Stories

Alejando Aguilar hosts a podcast titled, the “SKA Cast.”

In continuing my effort to shine a spotlight on talented folks in our Valley, today I’m chatting with Alejandro Aguilar. 

For the past eight years, he’s been the guitarist for Captain Smooth Talk, a local Ska-Punk band that plays around Southern California. 

He is also the bassist for SHIIVA and hosts his own podcast, the SKA Cast. Through this podcast, he has been able to have discussions with artists and creative people from all around the world. I reached out to Alejandro to learn more.

Jesse Davidson: Talk about your history with the AV music scene. What first inspired you to start playing?

Alejandro Aguilar: I’ve played guitar loosely since I was seven, my parents kind of forced me into this all-kid mariachi situation once a week in the OC, back in the day. It was great fun because we’d perform while simultaneously learning our instruments. It wasn’t until we moved into the AV, did I start to pick up guitar again. I was blessed to receive lessons from this dude named Sky, who was teaching out of the old Mario’s Music store in Lancaster for a couple months. Learning from him was great because he taught me a lot of Iron Maiden songs. Fast forward to being involved in the scene, when a couple of friends and I were forming Captain Smooth Talk, we all decided to go to an Order 66 show at Mel Booker’s old store on J8 and 15th West. From then on, until after we started playing other local gigs in town, we took it upon ourselves to host our own shows. We got in with the initial office folks at Cedar Center back in the day to throw our very first festival we called Toga Fest, eventually hosting our own curations at the Moose Lodge, Industry Theater and our friends’ backyards.

JD: That’s great. I did a dive into the SkaCast. I really enjoy the format and variety of guests you’ve had on. How did it originate? Has it been a smooth or challenging process running your own show?

AA: Ska Cast is a fun project I like to do in my spare time, my favorite part about it is connecting with folks from around the world. Before the pandemic jumped into full effect here in the states, I was putting a lot of time into a radio internship in Burbank for a company called Meruelo Media. I started writing articles and monitoring the social media for 93.5 KDEY-FM, an old school HipHop station in LA and eventually moving over to 93.9 CALI-FM, which is a Reggaeton station in LA. I got to experience more hands-on production-orientated situations. After familiarizing myself with the Adobe Audition program, I decided to download it myself and put it into use with a D.I.Y. podcast — the online Ska community is so big, yet so small, I knew it was something I could try to put together in terms of communication between a network of artists, not only do I talk to Ska Punk groups from the US, but I speak to artists from everywhere (Mexico, Chile, Columbia, Jamaica, France, Australia, etc.). I try to make it clear from the jump, that the show is a pretty open format. I want it to be the show that has a dance hall DJ on one week, a Punk band on the next and a community organizer the week after that.

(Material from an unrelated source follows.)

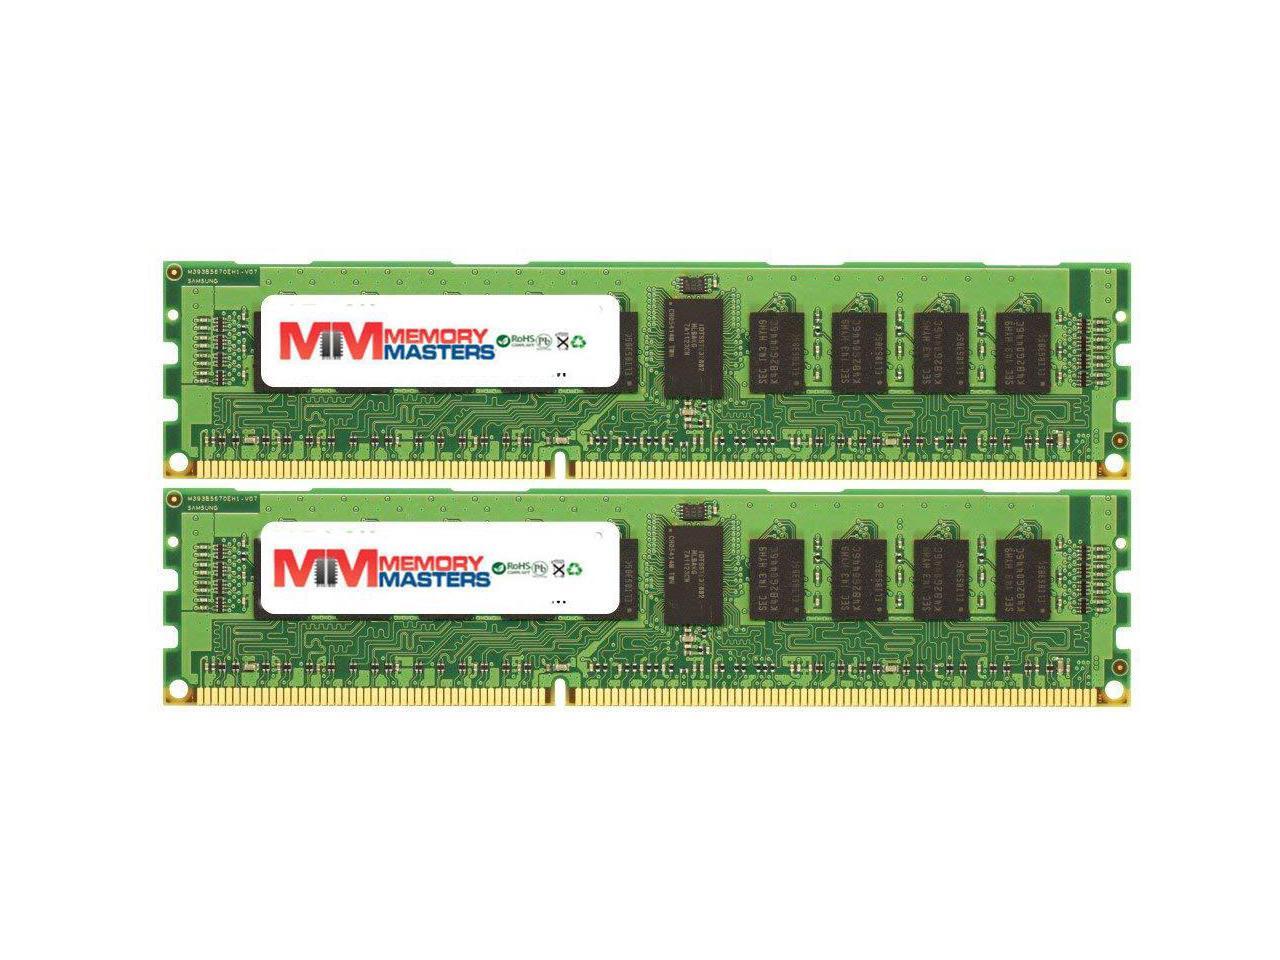 DDR3-1600MHz PC3-12800 ECC UDIMM 1Rx8 1.35V Unbuffered Memory for Server/Workstation MemoryMasters 32GB 8x4GB

JD: I love it. Also, I have to know, who does the artwork for each guest? It’s really cool and fits the vibe of the show perfectly.

AA: I have a variety of folks who help me with the art. My friend Nico Figueroa  from the Arizona Ska Punk band TV Repairmen, drew the first thumbnails, then after that, I’ve mostly collaborated with folks like Rodrigo Samudio from Paraguay, Juan Sebastion Garzon from Columbia, Rita Booh from Spain, Adam Davis of the East Bay Ska Punk group Omnigone, Yari Jaimes from Lancaster and Ailey Albright, who goes by s0ck.lobster on Instagram — to name a few.

JD: What are your goals for 2021 and what would you like to see happen or improve within our music community?

AA: I would love to see the music community in the AV make a live comeback once the current health situation is better, but that would be the first step. As far as hoping for anything more for it, I feel, is just absolutely hypothetical for the time being and I try not to dwell on hypotheticals. I think MOAH: CEDAR does a great job with the livestreams. Otherwise, the musicians of the Antelope Valley have all been using their time at home beautifully, as everybody in this scene is currently releasing phenomenal music.